Além dos retalhistas, Cepesca e Cofradías estão em plena consulta com os seus órgãos de decisão sobre os passos a tomar nos próximos dias e já trabalham na preparação de uma declaração conjunta com as reivindicações do setor. Além de mais algumas pistas sobre quando e como apoiarão os agricultores. Fontes consultadas apontam mesmo para a possibilidade de ser incorporada “mais alguma associação”. Em todo o caso, estão também a ser apuradas as queixas específicas do sector, que desde o início viu “semelhanças” com os problemas que levaram o campo espanhol a fazer-se à estrada.

As razões da raiva na pesca e na aquicultura

Mas porque é que a pesca e a aquicultura também se mobilizam? Tal como no caso do mundo rural, as políticas ambientais europeias estão em dificuldades. Durante esta legislatura (2019-2024), o setor das pescas exibiu uma relação distante com o comissário do setor, o lituano Virginijus Sinkevičius. As controvérsias ocorreram desde a pandemia, a começar pela proibição da pesca de arrasto em 84 zonas de pesca em países como Portugal, Espanha, Irlanda e França; bem como a aplicação do Plano de Gestão do Mediterrâneo Ocidental, que conduziu a uma redução acentuada dos dias de pesca desta frota e pôs seriamente em perigo a rentabilidade de muitos navios.

A isto somam-se outras propostas como o Plano de Acção que, entre outras, coloca em cima da mesa o objectivo de proibir artes de arrasto medidas em 30% das águas comunitárias em 2030 e o aumento da burocracia com iniciativas como o desembarque obrigatório. Persistem também outros problemas estruturais, como a falta de mudança geracional, para os quais a UE também quer chamar a atenção.

“Duas décadas de retrocesso”

“Não só o setor empresarial espanhol da aquicultura, mas também a pesca e a sua cadeia de valor estão em retrocesso há duas décadas”, lamenta o gestor da Apromar e porta-voz da Aquicultura de Espanha, Javier Ojeda. O representante desta associação acrescenta que desde 2010 se verifica uma queda constante no consumo de peixe. Na sua opinião, “o setor está sujeito a um quadro regulamentar sufocante” e apontou para “a regulamentação ambiental europeia e a sua implementação maximalista pelo MITERD (Ministério da Transição Ecológica e do Desafio Demográfico) e pelos respetivos Ministérios do Ambiente”. Eles criticam todos eles por priorizarem a conservação ambiental “acima de qualquer consideração social ou económica”.
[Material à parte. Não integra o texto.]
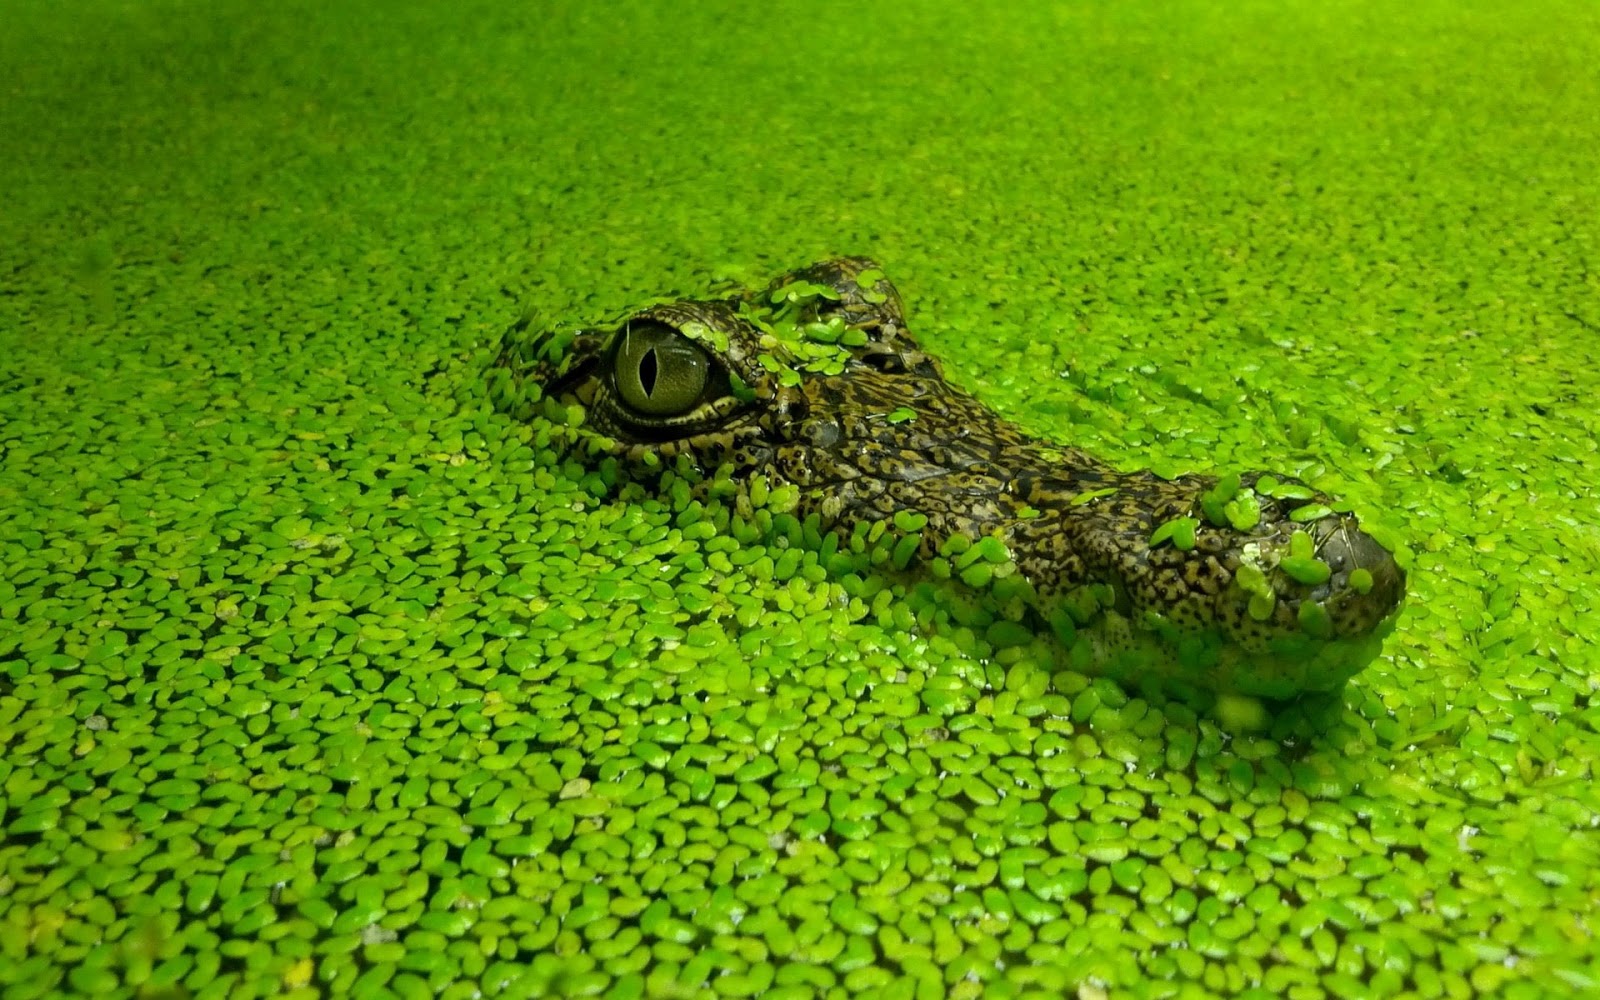 crocodile wallpaper hd,green,crocodilia,crocodile,grass,reptile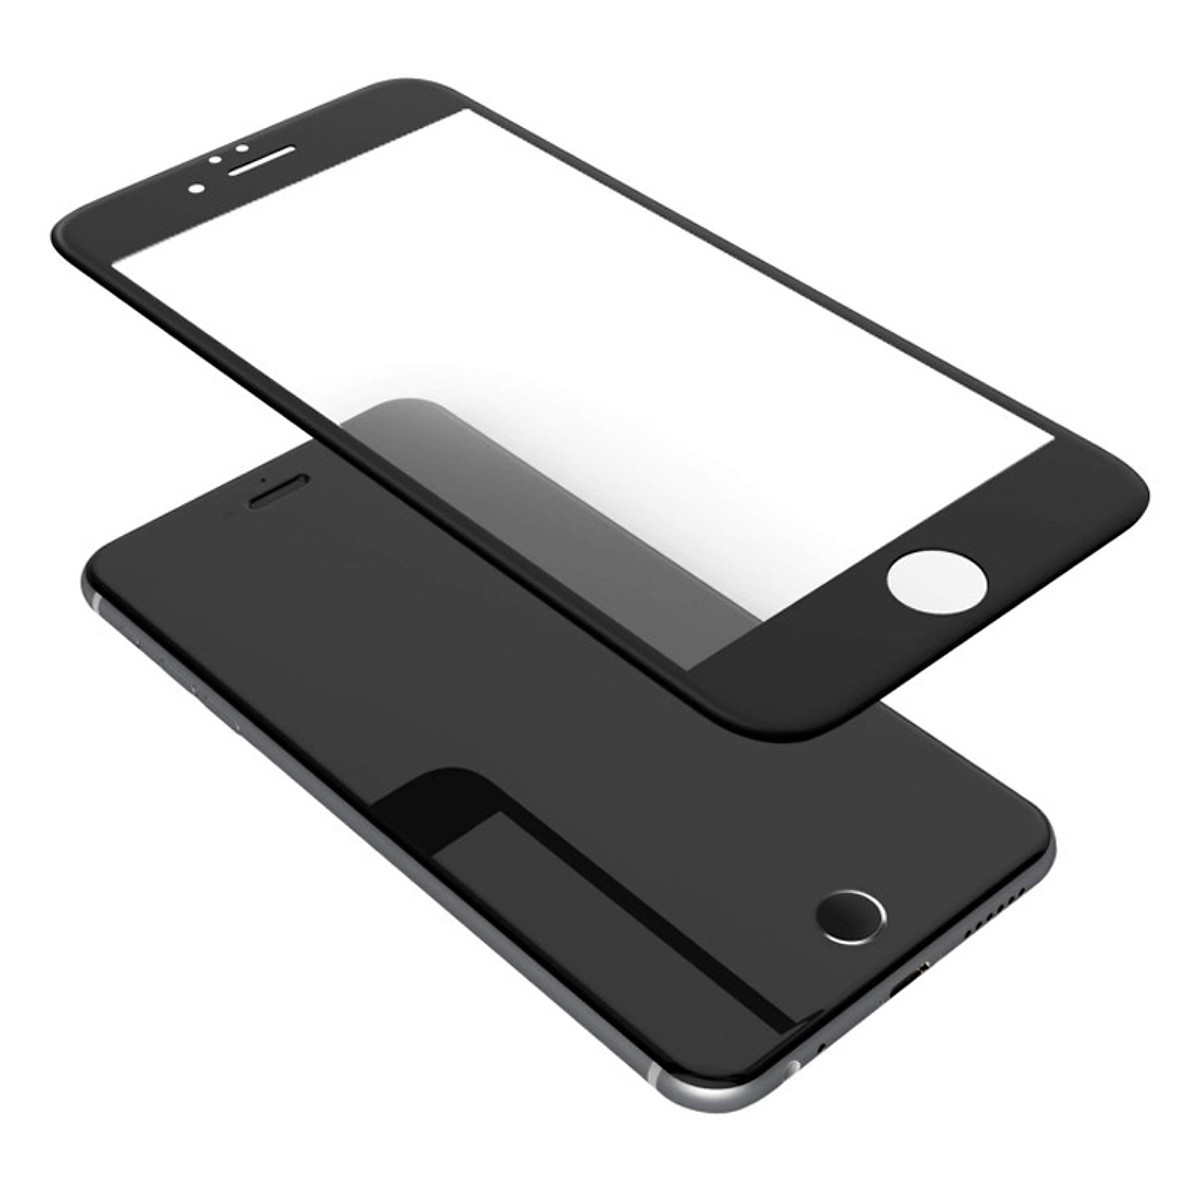 Trắng - Miếng dán kính cường lực 3D full màn hình cho iPhone SE 2020 hiệu Nillkin CP+ Max (Mỏng 0.3mm, Kính ACC Japan, Chống Lóa, Hạn Chế Vân Tay) - Hàng chính hãng

“O setor está sujeito a um quadro regulamentar sufocante”, Javier Ojeda (Apromar e Aquicultura de Espanha)

A tudo isto acrescenta-se a concorrência em condições desiguais com as importações de países terceiros, 70% do pescado consumido na União Europeia: “A boa índole da União Europeia no contexto do comércio internacional é outro fardo que pesa sobre os aquicultores . , pescadores e agricultores”, conclui Ojeda, que agradece o apoio “firme” da Secretaria Geral das Pescas (Ministério da Agricultura).